I heard one member say after they saw what you have here, that they feel like just another dead body on the pile. It's sad but true. At least you have a lot of support. I've read a few articles on Infedility and it is happening at an alarming rate. 50% with a large increase in women in the last 20 years. It doesn't seem to matter. Some couples were happy, some were not. Some had kids, some don't. What scues the statistics is that there are still many couples that are cheating and the spouse doesn't know and possibly will never know.


----------



## jforthegirl (Nov 29, 2013)

Wow, just "another dead body on the pile". What an apt description of how this feels. Sad, but so accurate.
_Posted via Mobile Device_


----------



## FeministInPink (Sep 13, 2012)

I think it seems like EVERYBODY is dealing with wayward/walkaway spouses, because those of us dealing with WS's seek out a place like TAM to find answers because we're not getting any answers from the WS.
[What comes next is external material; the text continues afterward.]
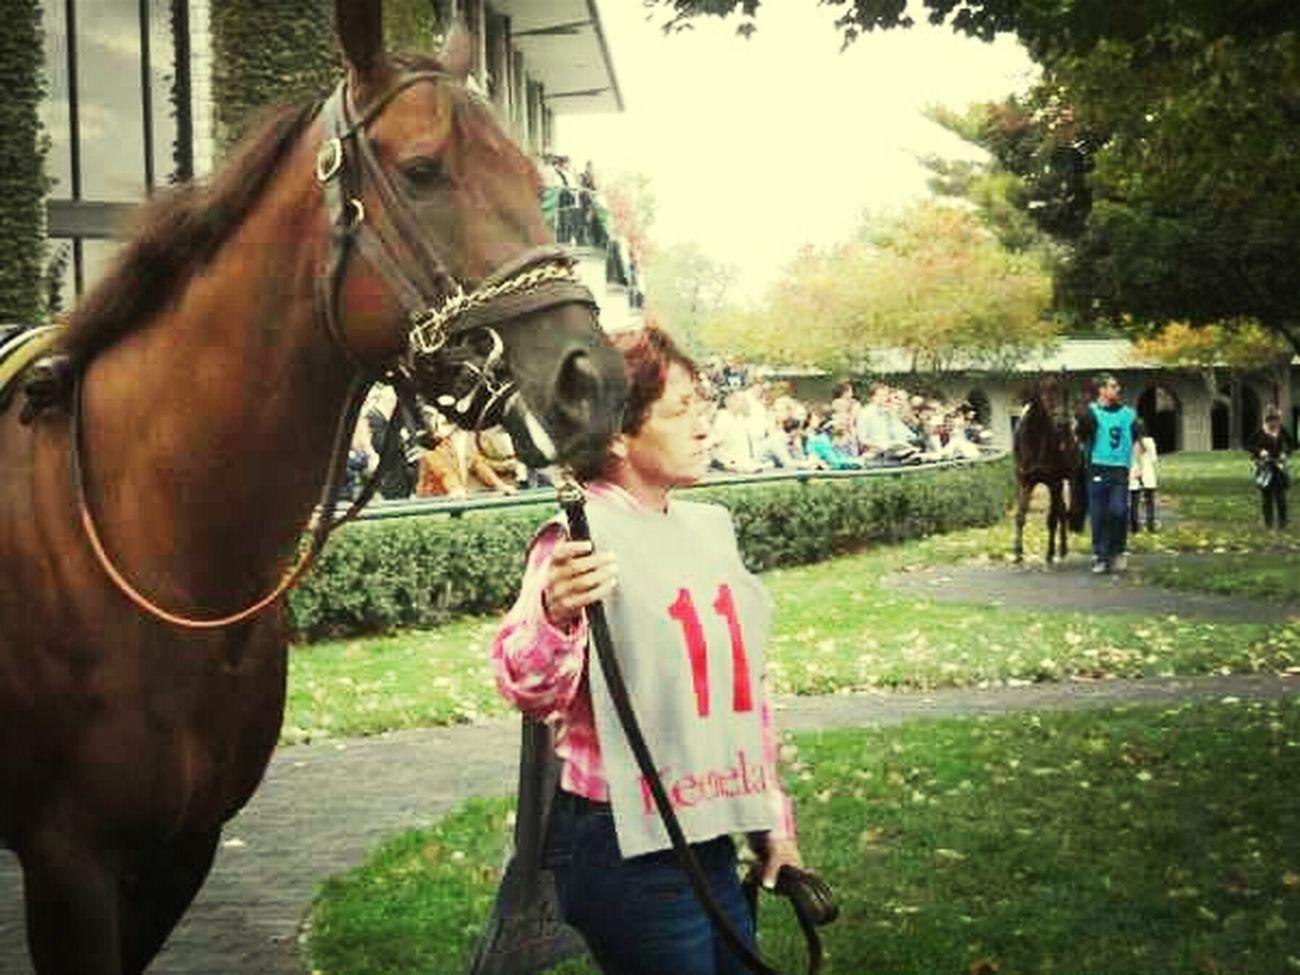 Fall Horses Racetrack Fall Meet Keeneland

From my personal experience, it's been difficult to find the same kind of support IRL as I've found here on TAM. My friends and family are all very supportive, but very few of them have been through a divorce, and even fewer have experienced an emotionally abusive relationship the way that I have. But here on TAM, I've found many kindred spirits. While that may make some feel like "another dead body on the pile" it has the opposite effect on me; it makes me feel less alone. And to get to know other people have gone through the same thing and come out stronger and happier on the other side helped me to soldier on, knowing that there was indeed something better on the other side.

I think it all depends on what type of perspective/lens you choose.


----------